Re: Sharing state between subtasks

Jamie Grier-3
Here's a doc I started describing some changes we would like to make
starting with the Kinesis Source.. It describes a refactoring of that code
specifically and also hopefully a pattern and some reusable code we can use
in the other sources as well.  The end goal would be best-effort event-time
synchronization across all Flink sources but we are going to start with the
Kinesis Source first.

Please take a look and please provide thoughts and opinions about the best
state sharing mechanism to use -- that section is left blank and we're
especially looking for input there.

https://docs.google.com/document/d/13HxfsucoN7aUls1FX202KFAVZ4IMLXEZWyRfZNd6WFM/edit?usp=sharing

-Jamie


On Wed, Oct 10, 2018 at 11:57 PM Till Rohrmann <[hidden email]> wrote:

> But on the Kafka source level it should be perfectly fine to do what Elias
> proposed. This is of course is not the perfect solution but could bring us
> forward quite a bit. The changes required for this should also be minimal.
> This would become obsolete once we have something like shared state. But
> until then, I think it would worth a try.
>
> Cheers,
> Till
>
> On Thu, Oct 11, 2018 at 8:03 AM Aljoscha Krettek <[hidden email]>
> wrote:
>
> > The reason this selective reading doesn't work well in Flink in the
> moment
> > is because of checkpointing. For checkpointing, checkpoint barriers
> travel
> > within the streams. If we selectively read from inputs based on
> timestamps
> > this is akin to blocking an input if that input is very far ahead in
> event
> > time, which can happen when you have a very fast source and a slow source
> > (in event time), maybe because you're in a catchup phase. In those cases
> > it's better to simply not read the data at the sources, as Thomas said.
> > This is also because with Kafka Streams, each operator is basically its
> own
> > job: it's reading from Kafka and writing to Kafka and there is not a
> > complex graph of different operations with network shuffles in between,
> as
> > you have with Flink.
> >
> > This different nature of Flink is also why I think that readers need
> > awareness of other readers to do the event-time alignment, and this is
> > where shared state comes in.
> >
> > > On 10. Oct 2018, at 20:47, Elias Levy <[hidden email]>
> > wrote:
> > >
> > > On Wed, Oct 10, 2018 at 9:33 AM Fabian Hueske <[hidden email]>
> wrote:
> > >
> > >> I think the new source interface would be designed to be able to
> > leverage
> > >> shared state to achieve time alignment.
> > >> I don't think this would be possible without some kind of shared
> state.
> > >>
> > >> The problem of tasks that are far ahead in time cannot be solved with
> > >> back-pressure.
> > >> That's because a task cannot choose from which source task it accepts
> > >> events and from which doesn't.
> > >> If it blocks an input, all downstream tasks that are connected to the
> > >> operator are affected. This can easily lead to deadlocks.
> > >> Therefore, all operators need to be able to handle events when they
> > arrive.
> > >> If they cannot process them yet because they are too far ahead in
> time,
> > >> they are put in state.
> > >>
> > >
> > > The idea I was suggesting is not for operators to block an input.
> > Rather,
> > > it is that they selectively choose from which input to process the next
> > > message from based on their timestamp, so long as there are buffered
> > > messages waiting to be processed.  That is a best-effort alignment
> > > strategy.  Seems to work relatively well in practice, at least within
> > Kafka
> > > Streams.
> > >
> > > E.g. at the moment StreamTwoInputProcessor uses a UnionInputGate for
> both
> > > its inputs.  Instead, it could keep them separate and selectively
> consume
> > > from the one that had a buffer available, and if both have buffers
> > > available, from the buffer with the messages with a lower timestamp.
> >
> >
>
Reply | Threaded
Open this post in threaded view
|

回复:Sharing state between subtasks

Zhijiang(wangzhijiang999)
Just noticed this discussion from @Till Rohrmann's weekly community update and I want to share some thoughts from our experiences.
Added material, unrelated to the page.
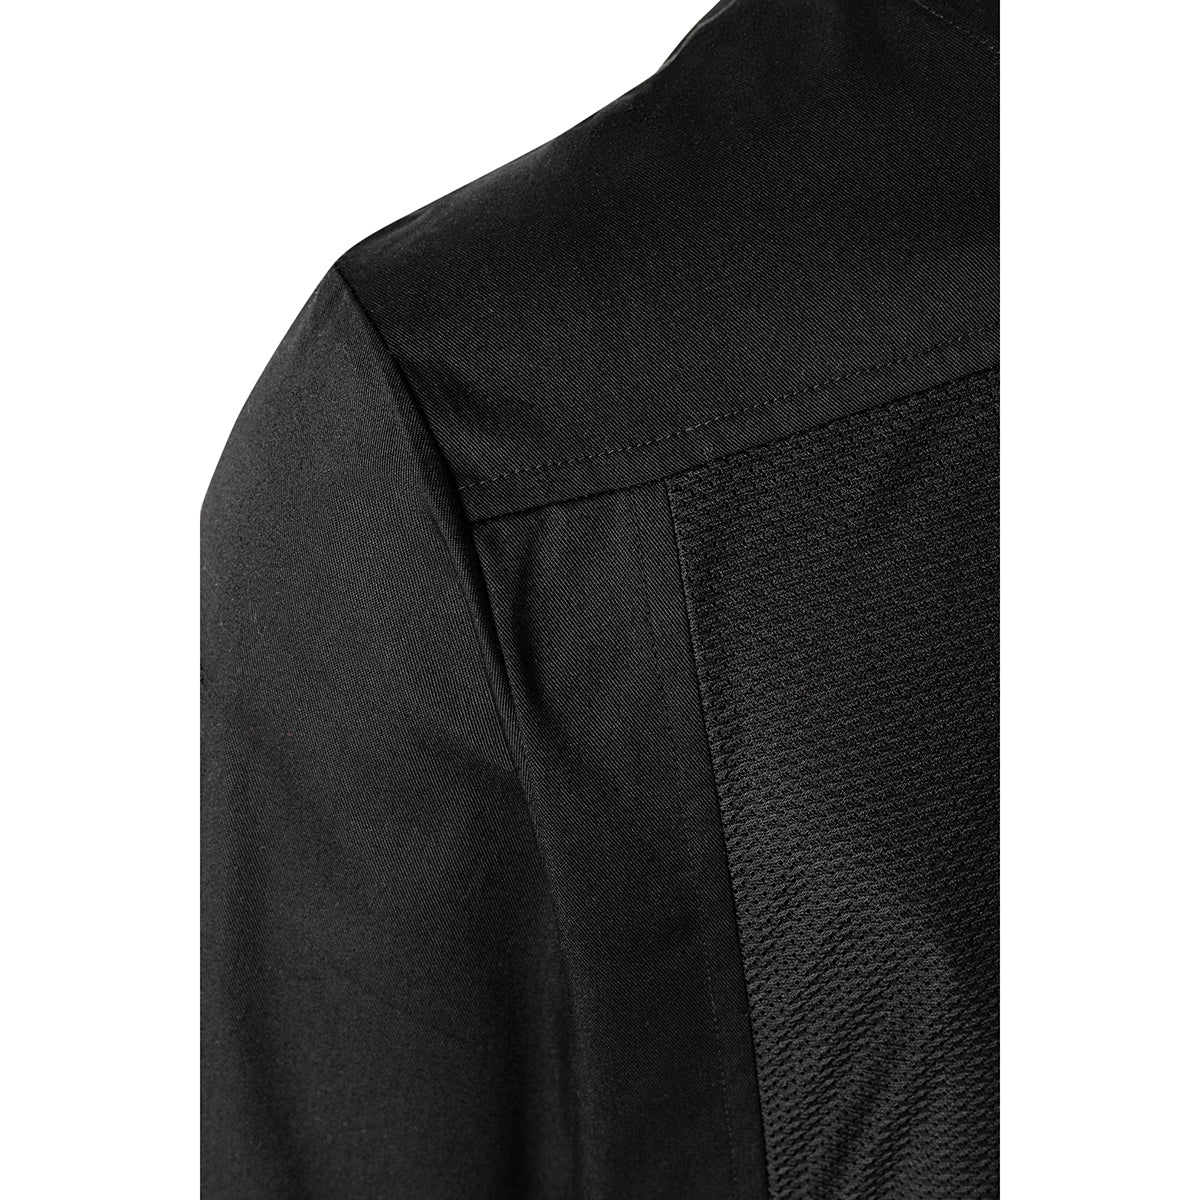 (6 stk) Karlowsky langermet skjorte - svart - str. 4XL
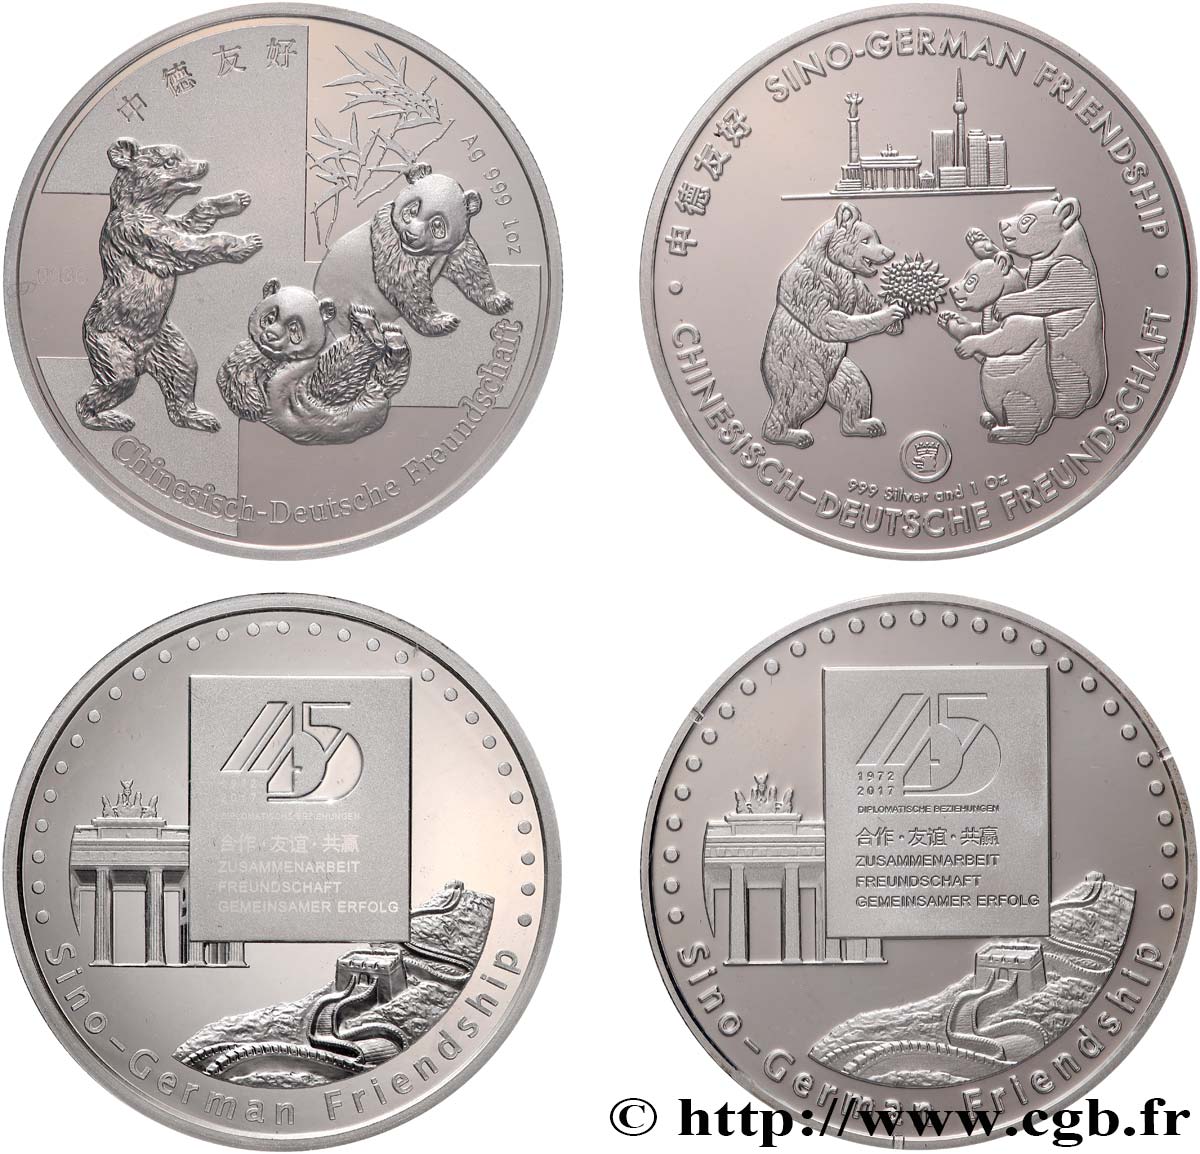 ALEMANIA Médailles commémoratives, 45e anniversaire de l’amitié sino-allemande FDC

We also encountered the source consuption skew issue before, and we are focused on improving this by two possible ways.

1. Control the read strategy by the downstream side. In detail, every input channel in downstream task corresponds to the consumption of one upstream source task, and we will tag each input channel with watermark to find the lowest channel to read in high priority. In essence, we actually rely on the mechanism of backpressure. If the channel with highest timestamp is not read by downstream task for a while, it will block the corresponding source task to read when the buffers are exhausted. It is no need to change the source interface in this way, but there are two major concerns: first it will affect the barier alignment resulting in checkpoint delayed or expired. Second it can not confirm source consumption alignment very precisely, and it is just a best effort way. So we gave up this way finally.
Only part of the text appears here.